Ditambahkannya, proses perambatan gempa-gempa ke arah dan mengelilingi sumber utamanya mengindikasikan kemungkinan terjadinya gempa dan tsunami yang lebih besar di wilayah Mentawai dan pesisir barat Sumatera sangat tinggi. “Untuk saat ini kita hanya mengatakan ‘mungkin’. Namun waktu lebih spesifiknya tetap sukar untuk diprediksi. Bisa dalam hitungan hari, minggu, bulan dan bahkan tahunan,” tuturnya.

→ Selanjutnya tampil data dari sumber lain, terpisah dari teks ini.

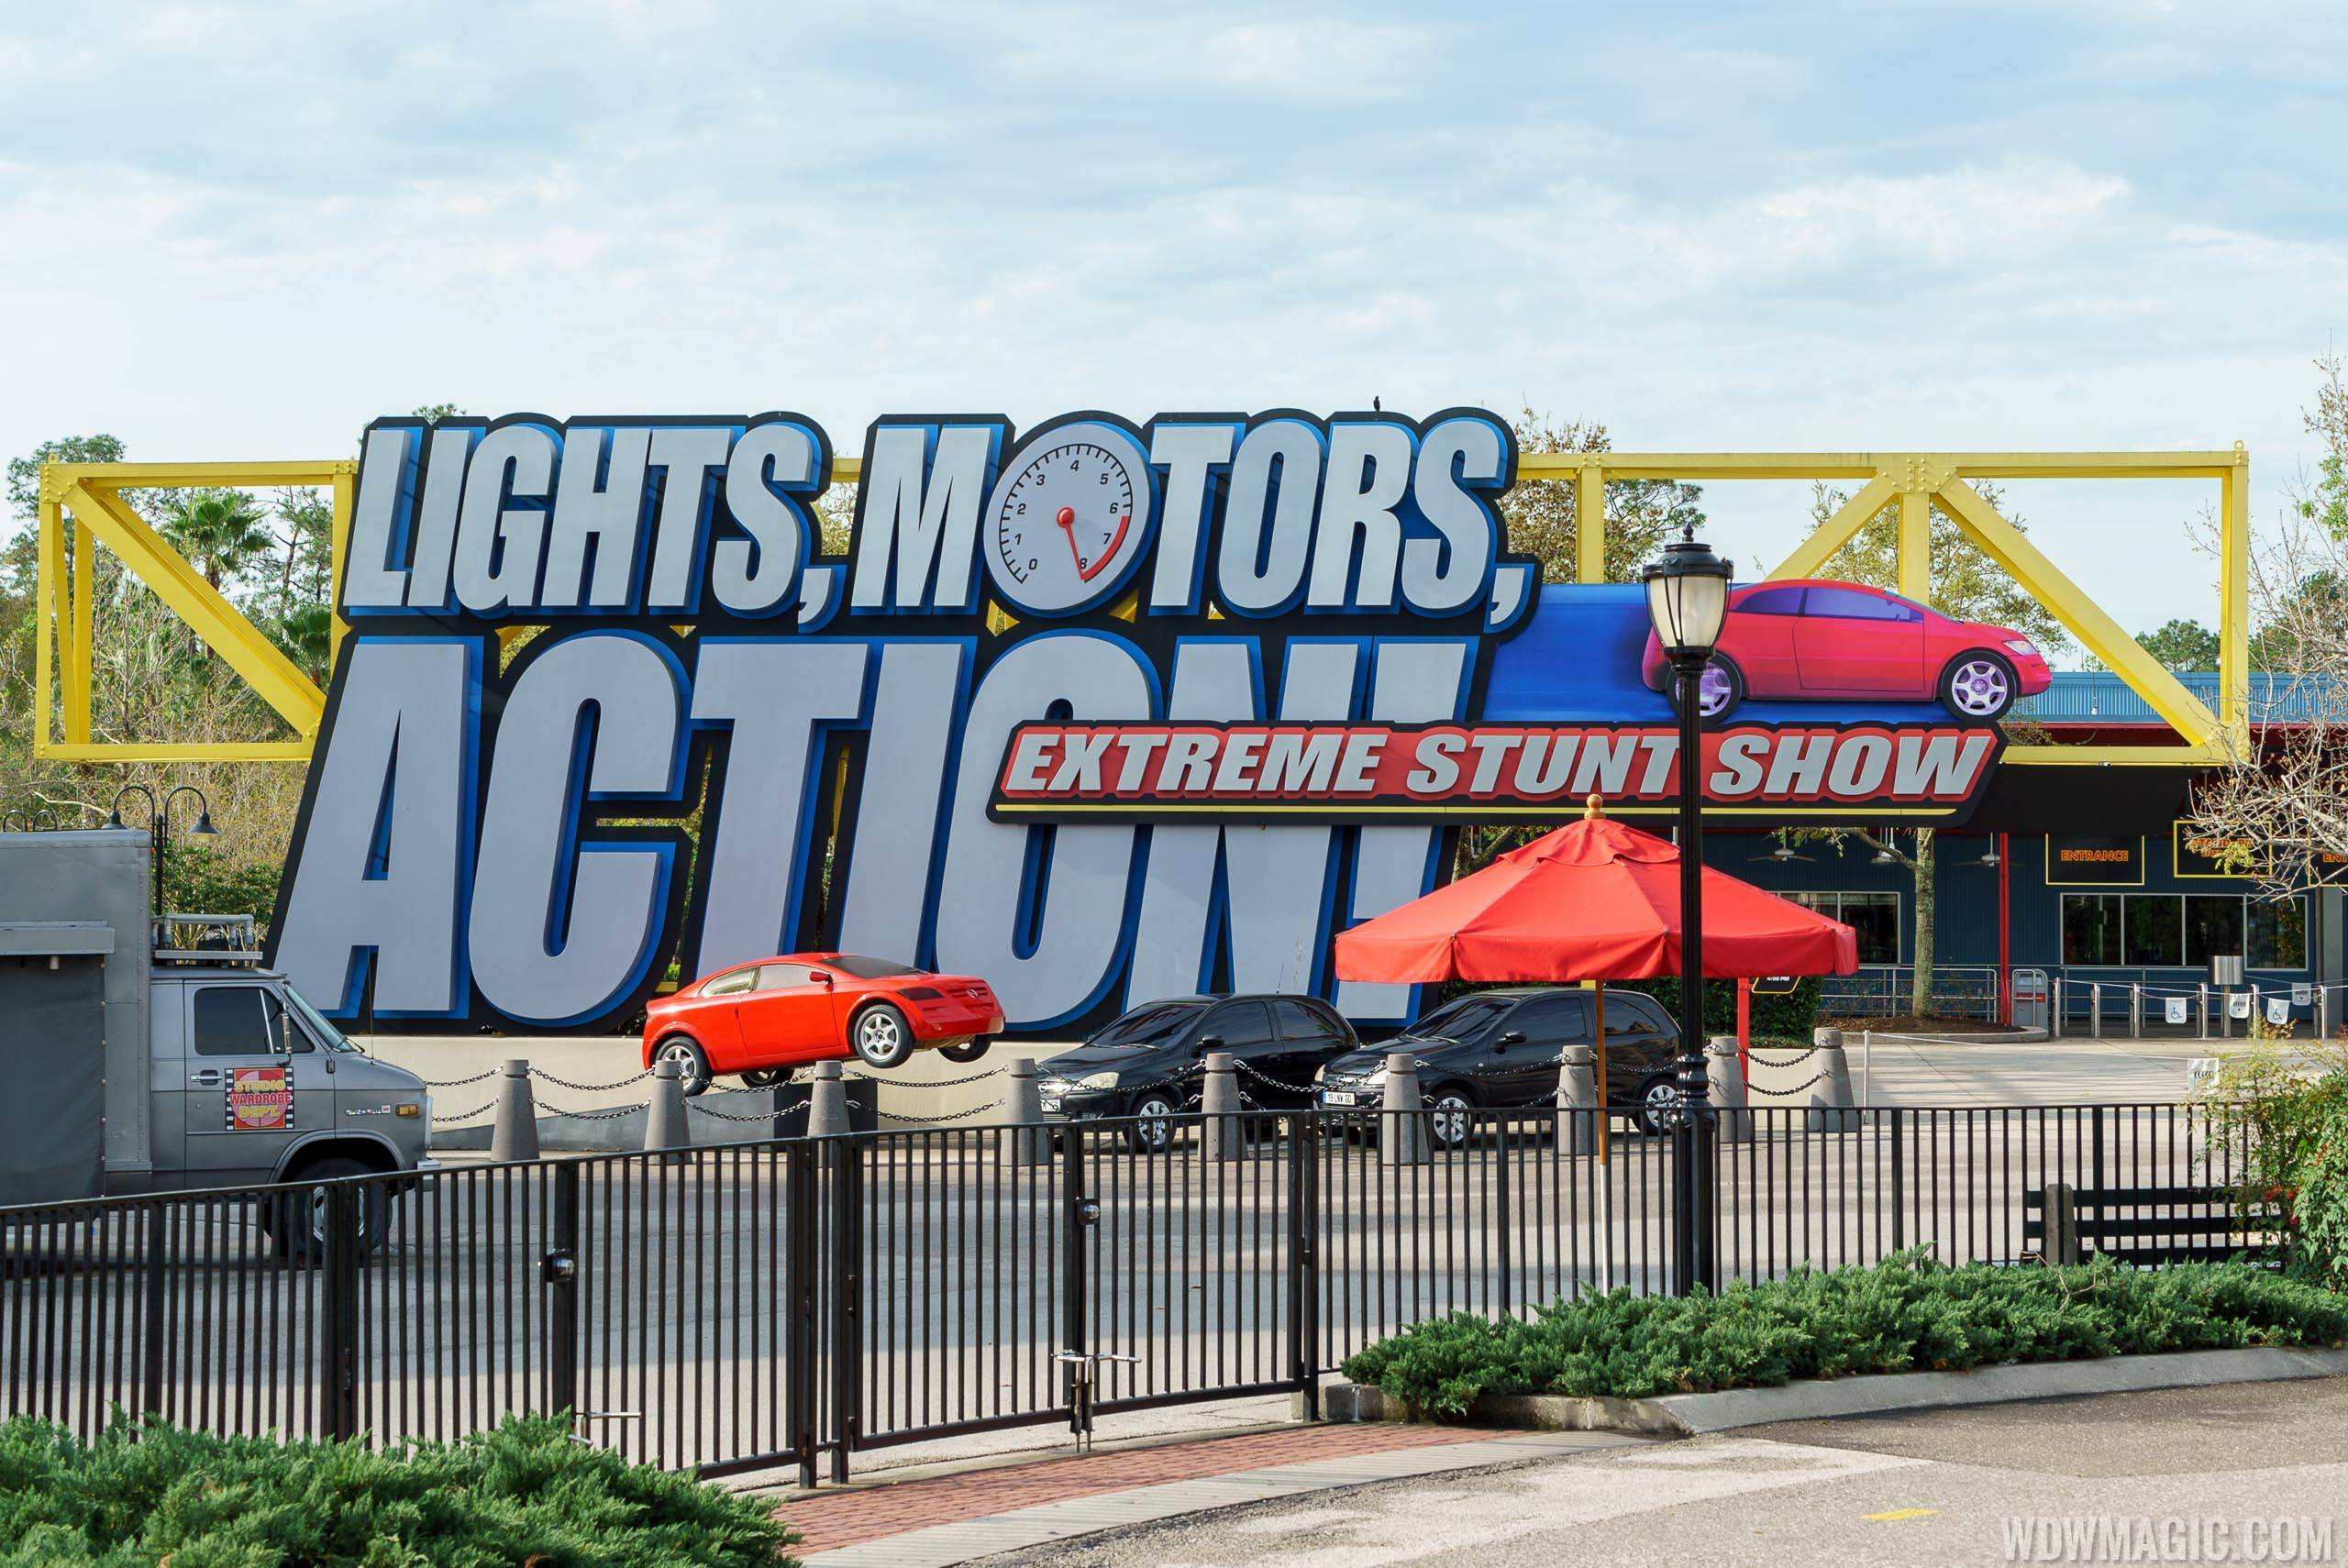 Lights, Motors, Action! Extreme Stunt Show - Show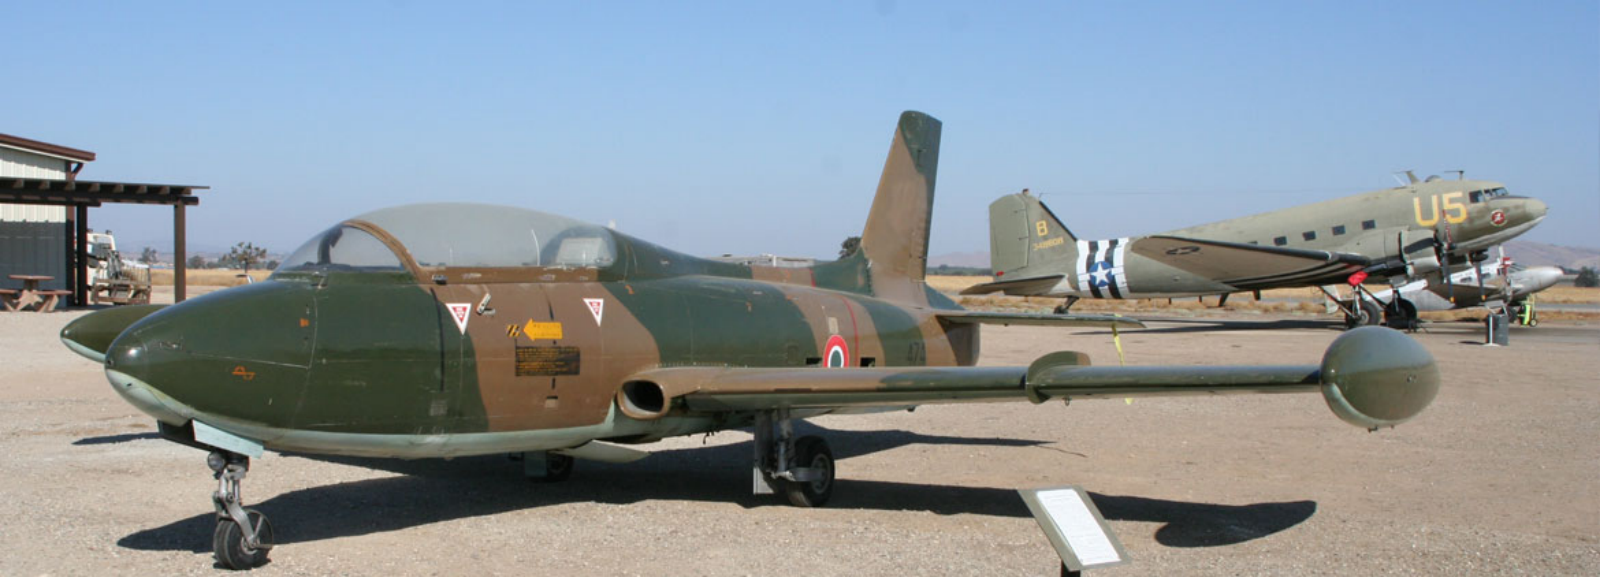 Saab A-32 Lansen

“Jadi masalah selanjutnya adalah bagaimana merealisasikan tindakan kita secara sportif untuk mengantisipasi bencana ini. Ilmu pengetahuan hanya dapat berusaha membaca tanda-tanda alam, sementara kebenarannya tetap berpulang kepada-Nya,” ucapnya. (max)

4 Komentar

  1. AYAHAKSAN said,

    2 Oktober 2007 pada 6:06 pm

    Max, kalau gempa bengkulu dan pagai selatan hanya membuat Pekanbaru ‘bergoyang’, gimana dengan gempa besar itu? Banyak-banyak do’a aja karena KIAMAT SUDAH DEKAT-4 (Yang sinetron cuma sampai 3 kan?)

  2. Iman Brotoseno said,

    7 Oktober 2007 pada 4:16 am

    mudah mudahan tidak separah kedengarannya…jangan jangan ini yang dinamakan Tanah bencana

  3. Putirenobaiak said,

    8 November 2007 pada 6:29 am

    unipun cemas sama ortu max, hari ini dah pulang lagi ke padang, namanya ortu yo cinto kampuang sendiri

    mungkin ihktiar utk waspada dan tidak panik, lalu tawakal…

  4. Maryulis Max said,

    8 November 2007 pada 3:40 pm

    ayahaksan –> kalau itu belum bisa diprediksi apakah akan cuma menggoyang pekanbaru atau malah meluluhlantakkannya. Tergantung skalanya kali, kalau magnitudonya besar, bukan tak mungkin “kiamat sudah dekat 4” itu bisa terjadi kan? Tapi semoga saja tidak…

    iman brotoseno –> aminnn, semoga tidak ya mas

    putirenobaiak –> waspada itu perlu uni. Makanya laporan dari Danny Hilman Natawijaya ini patut dilaporkan ke khalayak supaya waspada, bukannya utk mempertakut orang banyak.